Clarion, Clarion West, and Odyssey are for people committed to becoming writers. Many modern science fiction writers got their start at these workshops. Each year, around fifty students attend these workshops. Many of them go on to sell stories. A few of them go on to sell novels. Wikipedia even lists alumni for Clarion and Clarion West.

These workshops are based on submitting stories and having them critiqued by fellow students. You’re expected to write a story a week. There are countless general fiction writing workshops, MFA programs, creative writing courses that use the same techniques to get feedback on your work. Then there’s Critters Workshop, an online critiquing system for those agoraphobic writers who never want to leave home.

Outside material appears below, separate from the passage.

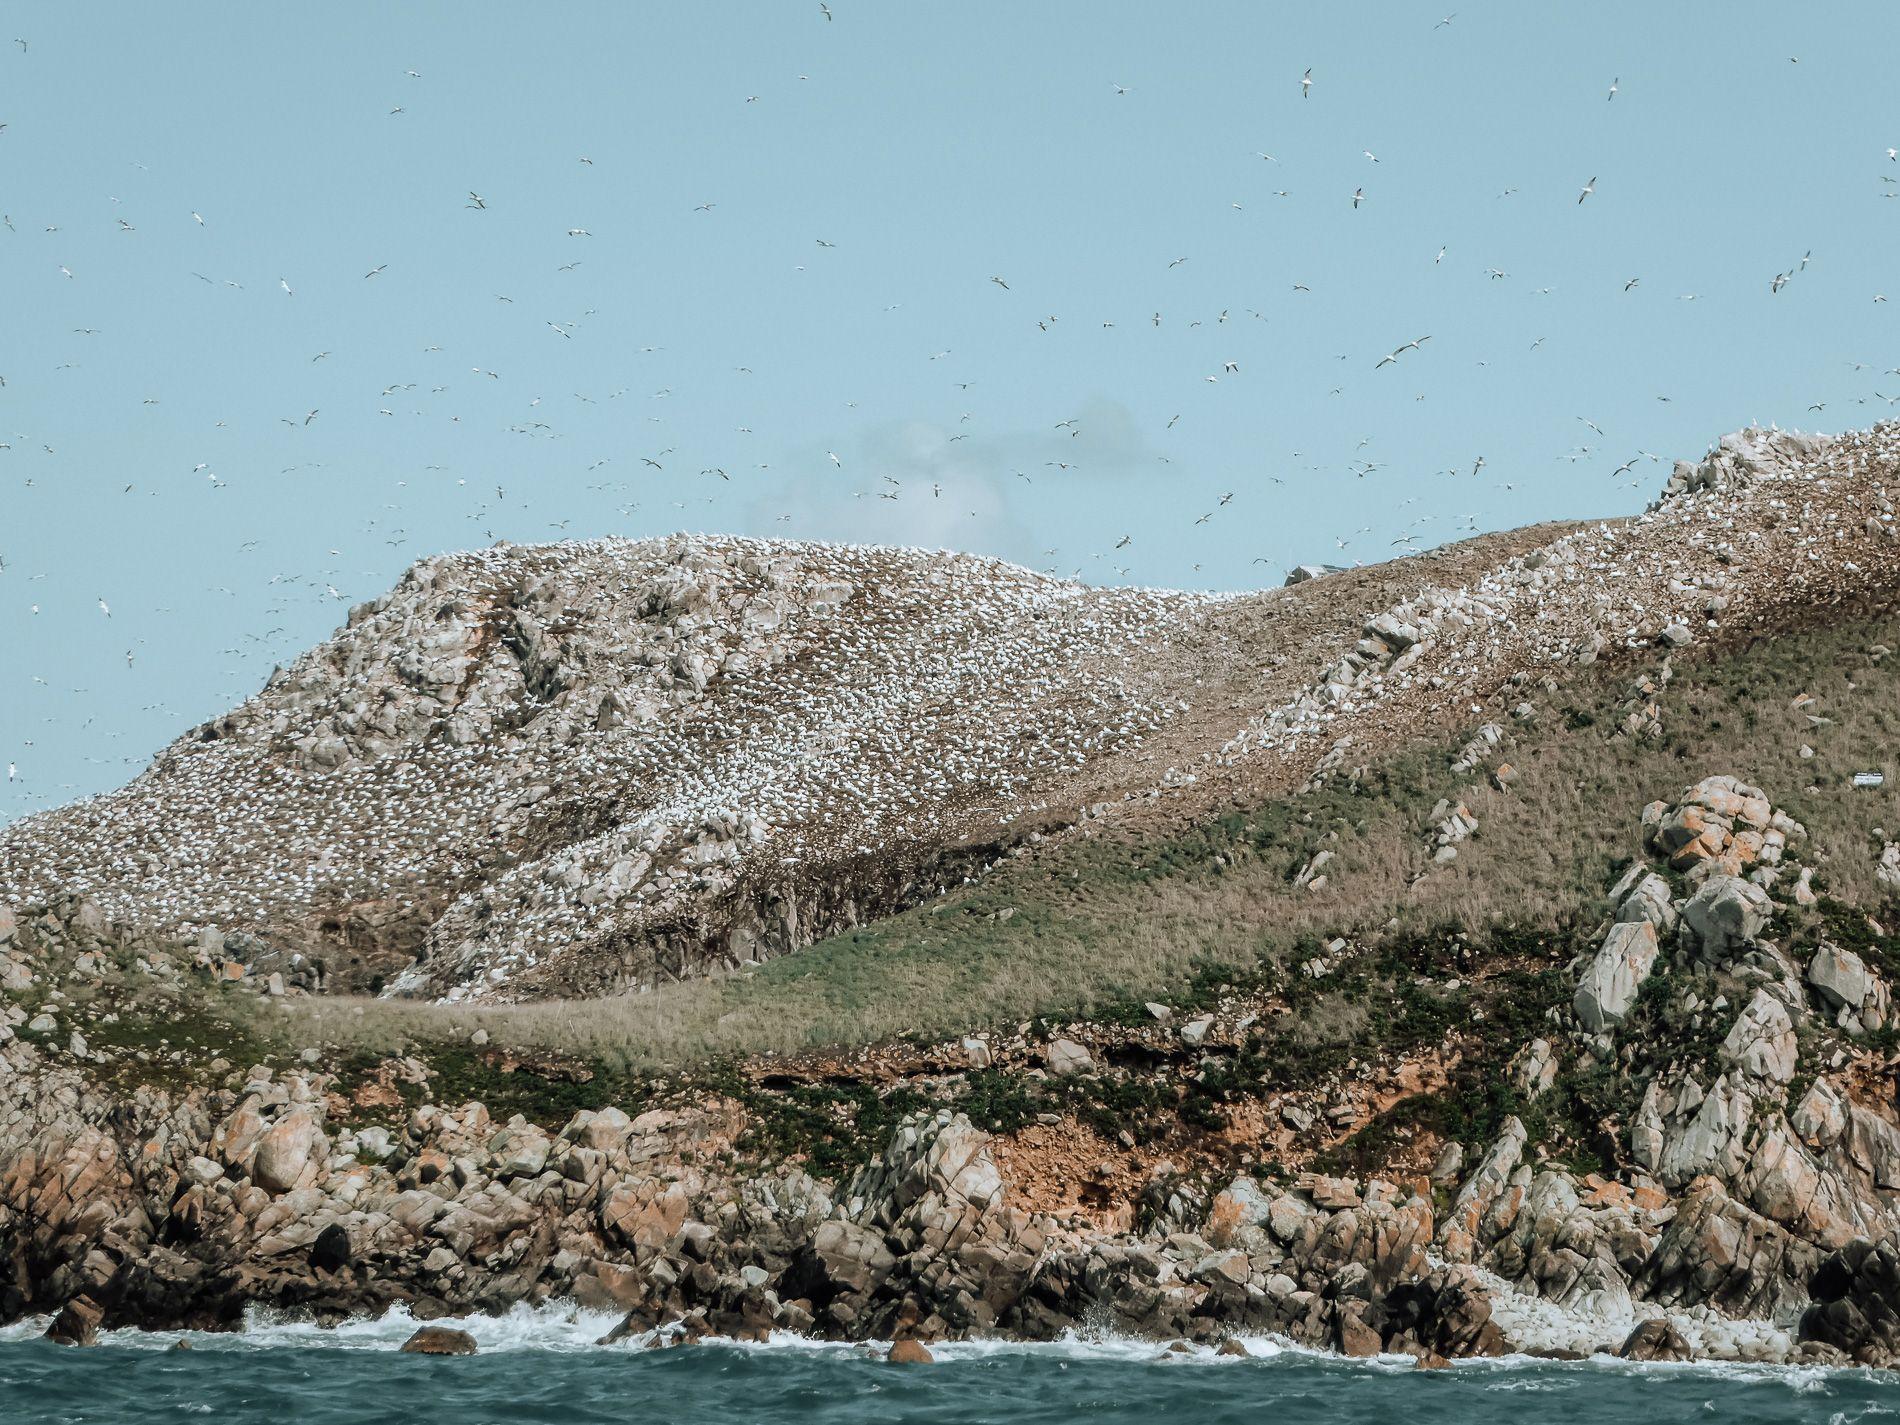 Bretagne - cote de granit rose - conseils - mademoiselle - voyage - blog - archipel - sept iles

If you’re a new writer, critiques by other would-be writers are the marketing research you want the most. Don’t expect your first few dozen stories to be worth reading. Jamie Todd Rubin’s experience is more typical. And I’ve read memoirs by writers who claimed it took writing two hundred short stories before they started selling professionally.

Our genre often feels far more open to new writers than other genres. Several sites for science fiction writers such as Duotrope, Ralan, SFWA (you don’t need to be a member to read their market reports), Locus Magazine, Writer’s Digest, Critters Black Hole, will help you find magazine publishers that are open to new submissions.

One way I keep up with the event horizon of the latest science fiction is to subscribe to digital SF magazines at Amazon. For $12 a month I get the latest issues of Asimov’s, Analog, Clarkesworld, and Lightspeed automatically sent to my iPad. I wished that F&SF still offered a monthly Kindle subscription. I do miss the wonderful paper editions, but mailing labels ruining beautiful cover art was just too painful, so I’ve gone digital. There’s more free science fiction being published on the web today than any immortal could read, so if you’re too cheap to support the markets you want to sell to, at least read their stories online as market research. If you want to know your real competition, just buy any of the annual best-of-the-year anthologies.